### DATA SHOWN:

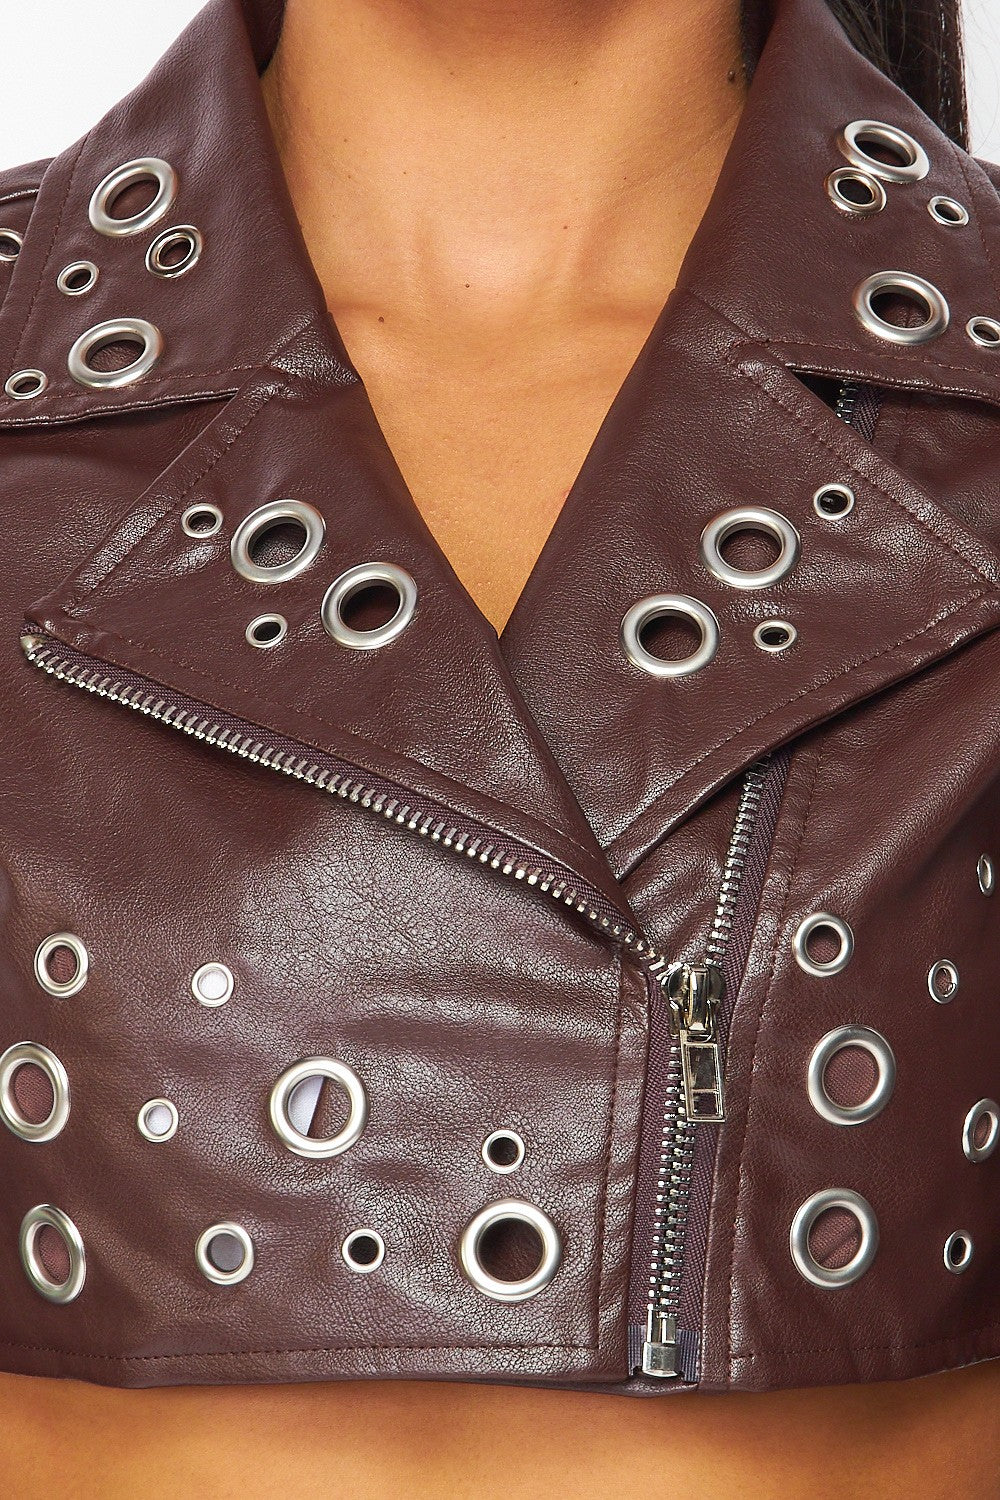 Jody Grommet Faux Leather Cropped Moto Jacket
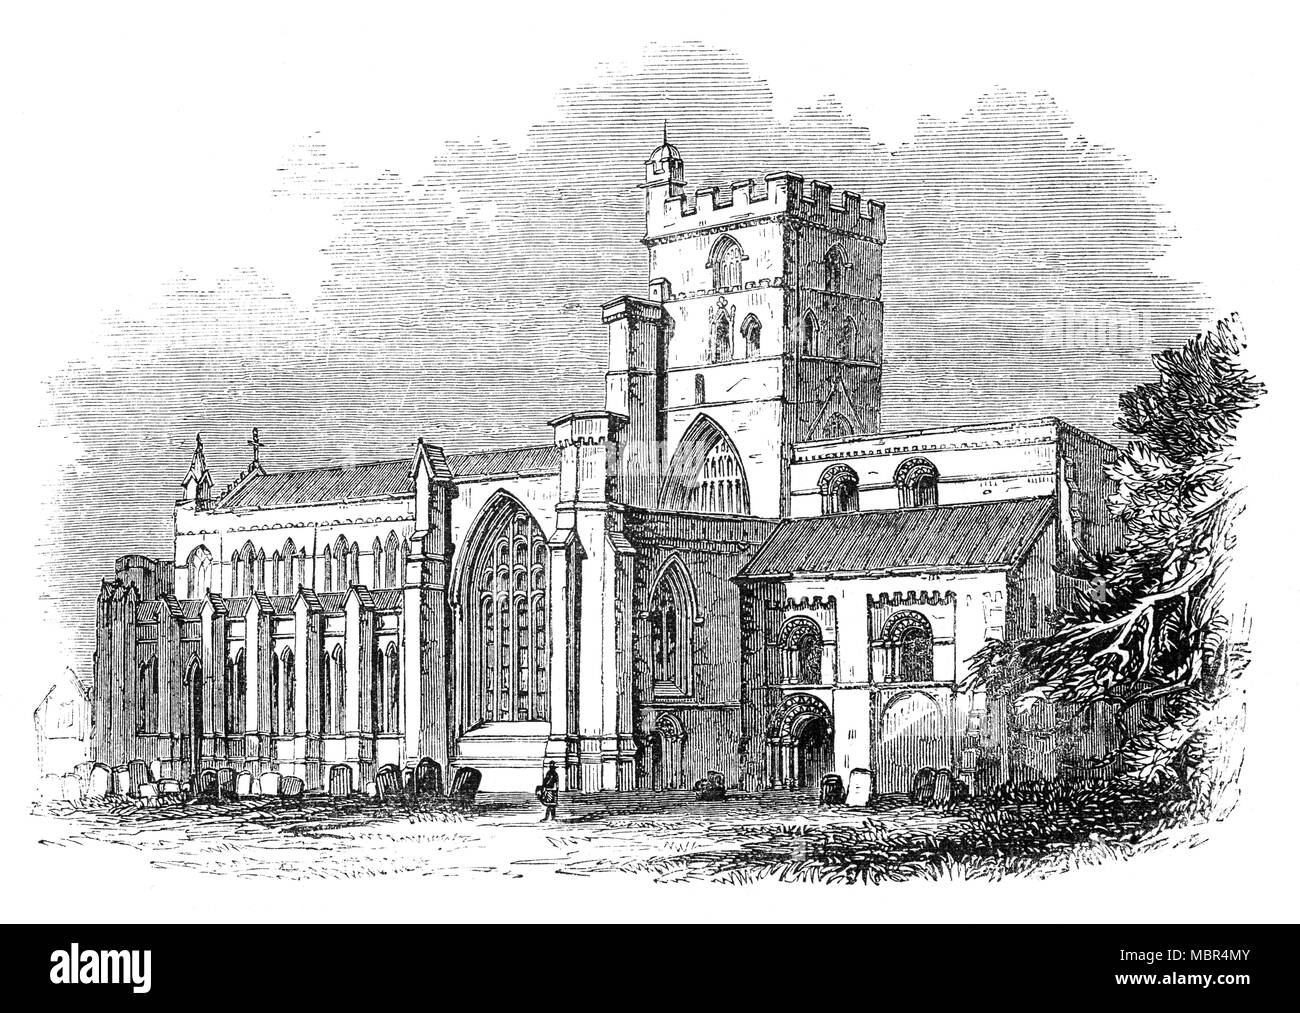 L'église cathédrale de la Sainte et indivisible Trinité, autrement appelé cathédrale de Carlisle, est situé dans la région de Carlisle, Cumbria, au nord ouest de l'Angleterre. Elle a été fondée comme un prieuré Augustin et est devenue une cathédrale en 1133. Conçu en style gothique normand, c'est le deuxième plus petit (après Oxford), de l'Angleterre, l'ancienne cathédrale. Banque D'Images
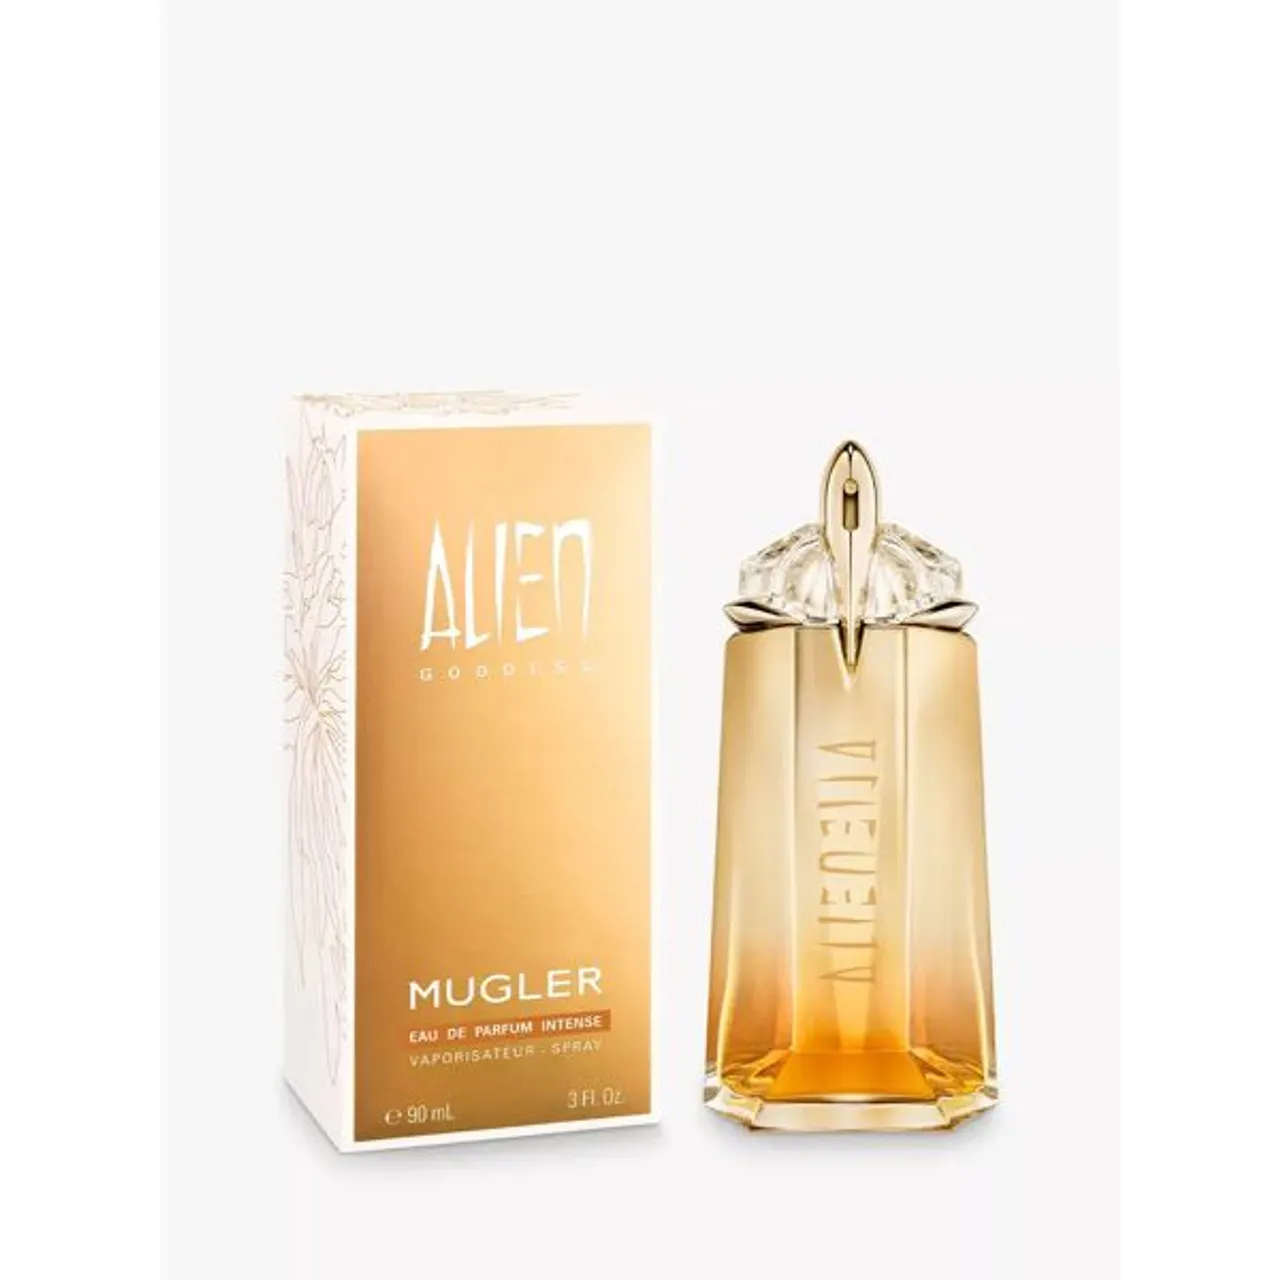 Mugler Alien Goddess Eau de Parfum Intense - Female - Size: 90ml

### TASK:
Each line of the material is to be output exactly. Images are not part of the expected output.

### EXERCISE ANSWER:
 Jody Grommet Faux Leather Cropped Moto Jacket
 L'église cathédrale de la Sainte et indivisible Trinité, autrement appelé cathédrale de Carlisle, est situé dans la région de Carlisle, Cumbria, au nord ouest de l'Angleterre. Elle a été fondée comme un prieuré Augustin et est devenue une cathédrale en 1133. Conçu en style gothique normand, c'est le deuxième plus petit (après Oxford), de l'Angleterre, l'ancienne cathédrale. Banque D'Images
 Mugler Alien Goddess Eau de Parfum Intense - Female - Size: 90ml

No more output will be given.